Romanian artistic gymnast (born 1974)

Maria Neculiță (born 30 March 1974) is a Romanian artistic gymnast who competed in international events between 1988 and 1992. Her best events were the floor and the beam. She won the team silver medal at the 1992 Olympics and team bronze at the 1991 World Championships. Individually, she won silver on beam and bronze on floor at the 1992 Worlds and a continental bronze on beam in 1990.

==Career==
Neculiță started gymnastics at the age of eight at Cetate Deva Gymnastics Club. In 1987 she was selected for the senior national team trained by coaches Octavian Belu.

Her international debut as a senior was at the 1988 Moscow news where she medaled bronze on the floor exercise and placed sixth all around and on the uneven bars.
In 1990 she competed in her first major international competition, the 1990, European Championships in Athens. There she won bronze on the balance beam, and she placed fifth on floor and sixth all-around.

Neculiță won the bronze medal with the team at the 1991 World Championships. The team showed a good performance in the team optionals but, together with Eugenia Popa, Maria was heavily criticized by the press and by coach Belu for having let the crowd interfere with their performance during the team compulsories. At this competition Maria did not qualify in any of the final events

However, one year later she had one of her best meets at the 1992 World Championships, tying for silver on beam with Li Yifang and for bronze on floor with Tatiana Lysenko. Her floor routine showed musicality, style and world class tumbling, establishing her as one of the medal contenders on floor for the 1992 Olympic Games.
In 1992 she also tied with Gina Gogean for the all around title and won the floor title at the 1992 International Championships of Romania.

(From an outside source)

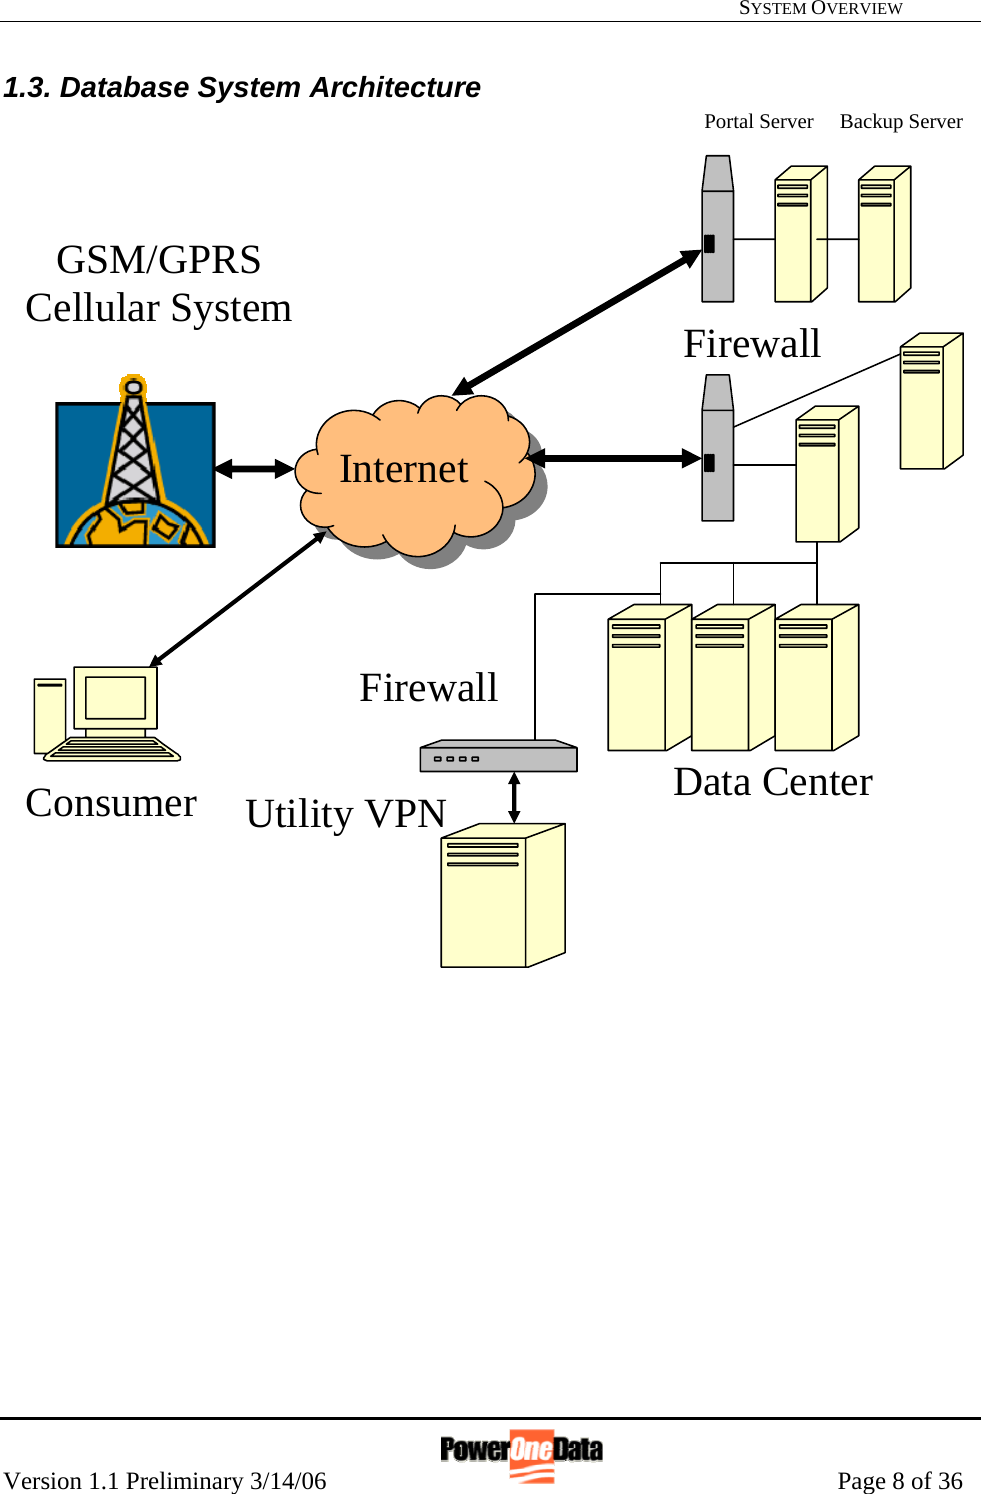   SYSTEM OVERVIEW Version 1.1 Preliminary 3/14/06                                                      Page 8 of 36 1.3. Database System Architecture Utility VPNConsumer Firewall Data Center FirewallInternet GSM/GPRS Cellular System Backup Server Portal Server 
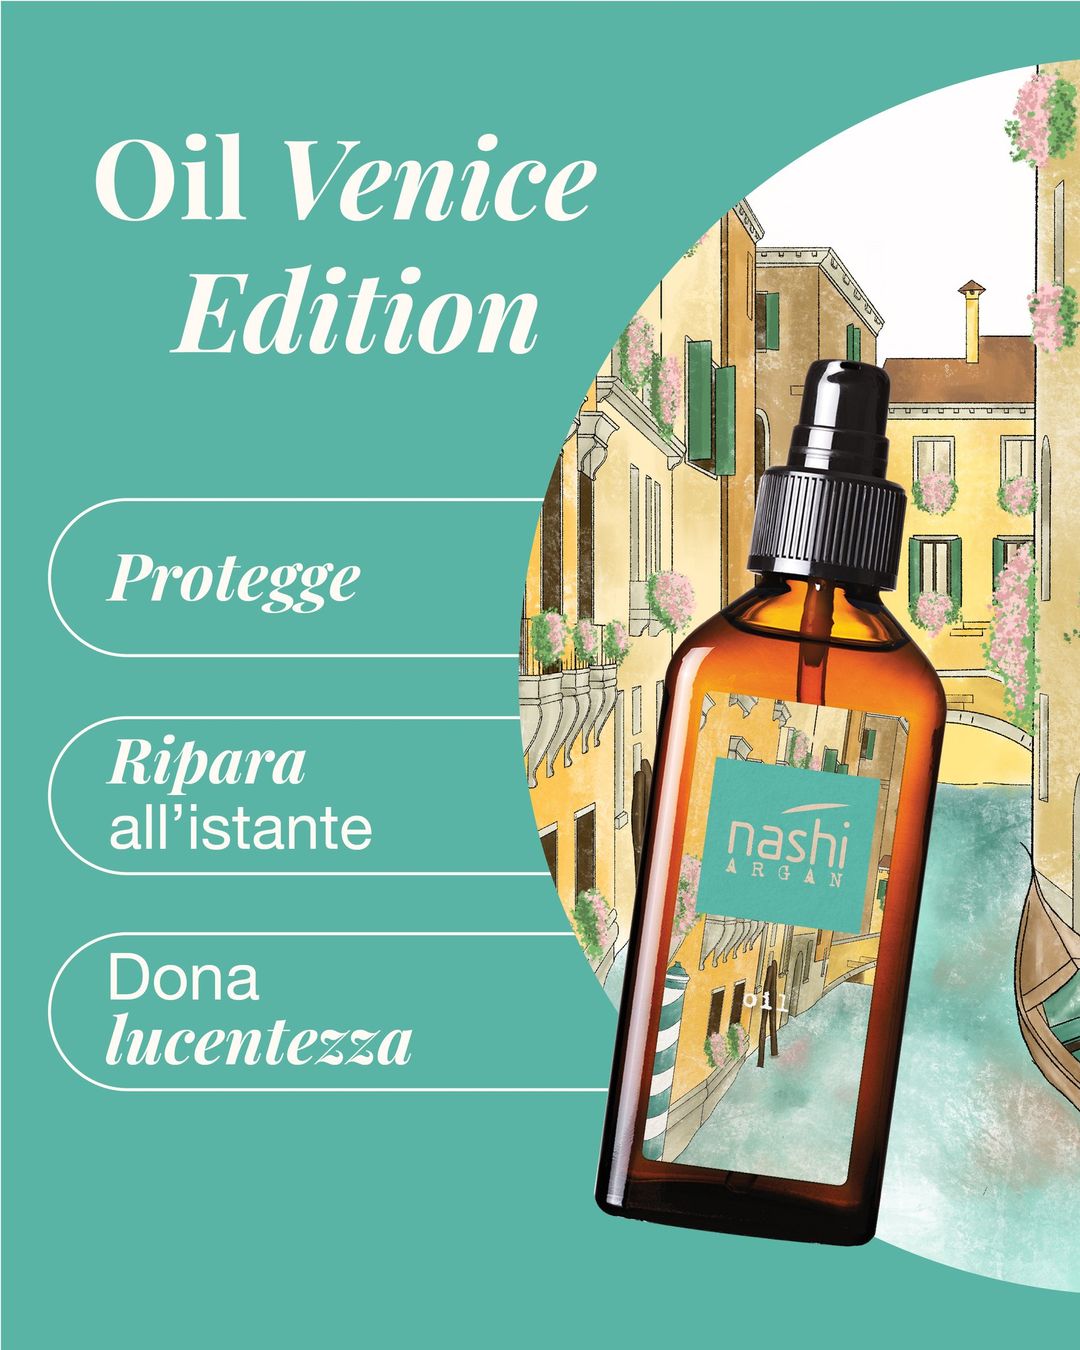 Nashi Promo Oil Venice Edition

Together with Lavinia Miloșovici, Gina Gogean, Mirela Paşca, Vanda Hădărean, and Cristina Bontaș, Maria was a member of the silver winning Romanian team at the 1992 Summer Olympics Barcelona, Spain. Unfortunately, in the qualifications for the floor and beam finals she placed seventeenth and sixteenth, respectively. Therefore, she did not compete in the final events. Instead, her teammates Miloșovici and Bontaș won the gold and the bronze in the floor final, respectively.

Her last competition was the 1992 Balkan games where she won the all around (ahead of Gina Gogean), the floor and beam finals and finished second on bars.

==Post-retirement==
Neculiță retired in 1992. In 1995 she went to Italy to coach at the Nuoro at the Centro Sportivo Osaka club.